Ekwadorskie Ministerstwo Turystyki rozpoczęło właśnie kampanię promocyjną pt.:"All You Need is Ecuador". Zmodyfikowany refren piosenki Beatlesów ma zachęcić turystów z całego świata do odwiedzenia Ekwadoru.
W Nowym Jorku oraz w kilku stolicach na całym świecie (niestety, nie ma na tej liście Warszawy) stanęły 6-cio metrowe litery, które razem tworzą początek zdania "All You Need is...”, natomiast w miastach ekwadorskich postawione litery stanowią nazwę kraju.

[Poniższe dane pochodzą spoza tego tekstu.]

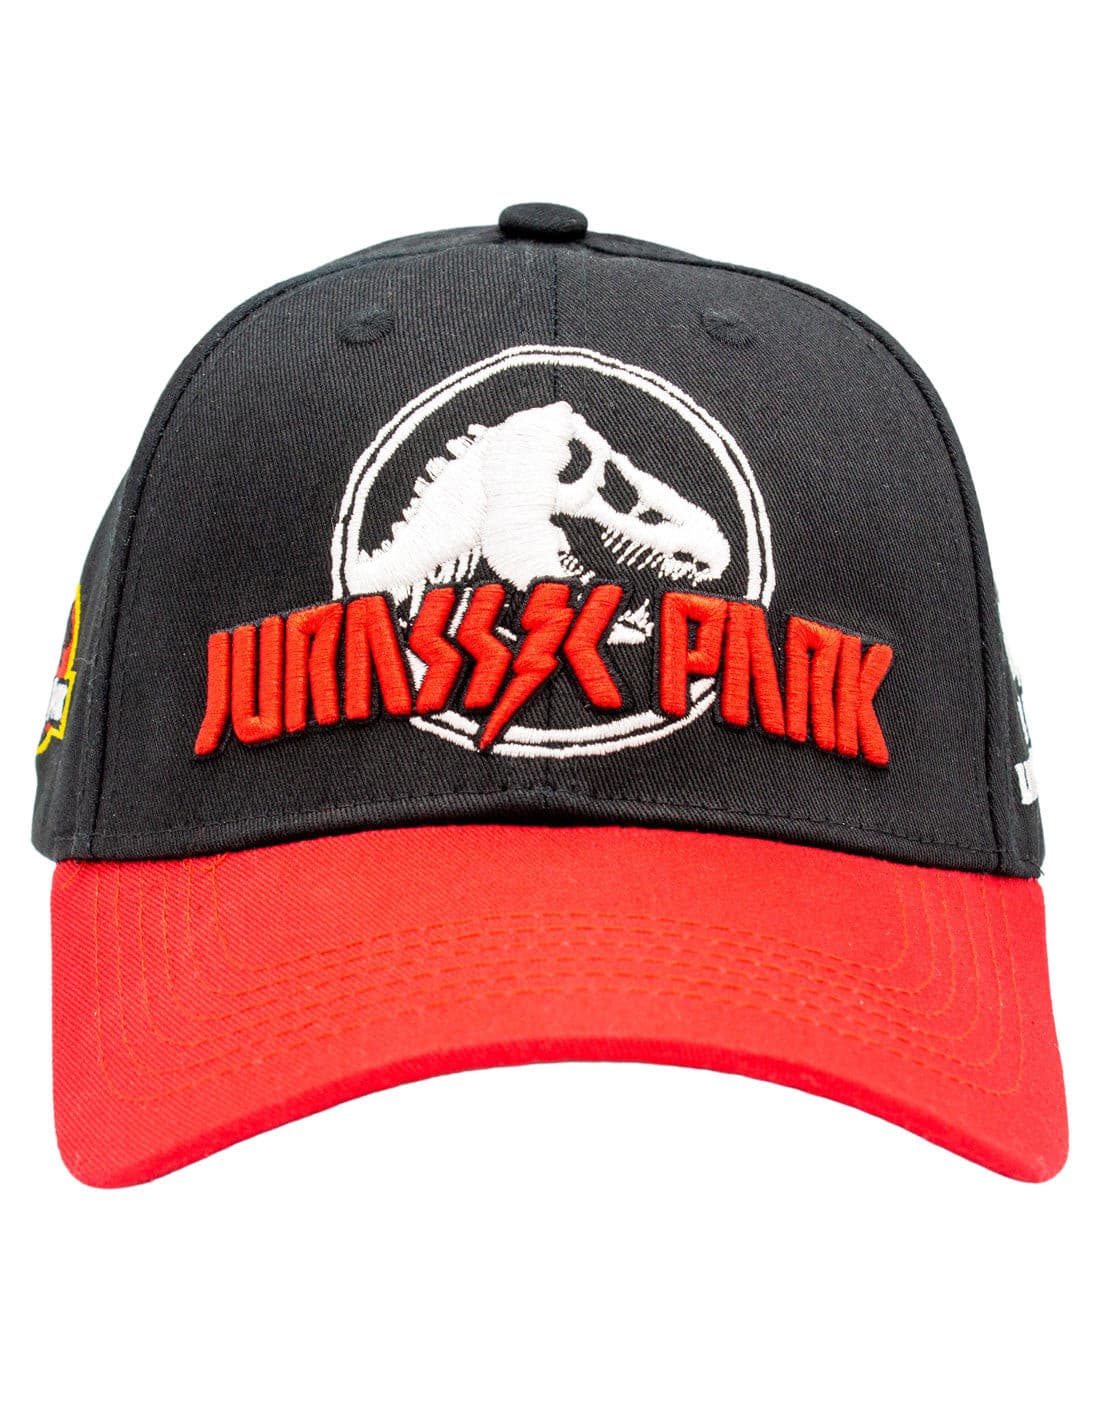 Jurassic Park - Chapéu Pala Curva Rock.

Na potrzeby kampanii stworzono także filmik (moim zdaniem za długi jak na spot promocyjny), który będzie emitowany m.in na Discovery czy w National Geographic.
Cała kampania kosztowała ok. 20 mln dolarów (same prawa do wykorzystania piosenki Czwórki z Liverpoolu kosztowały 1,3 mln dolarów).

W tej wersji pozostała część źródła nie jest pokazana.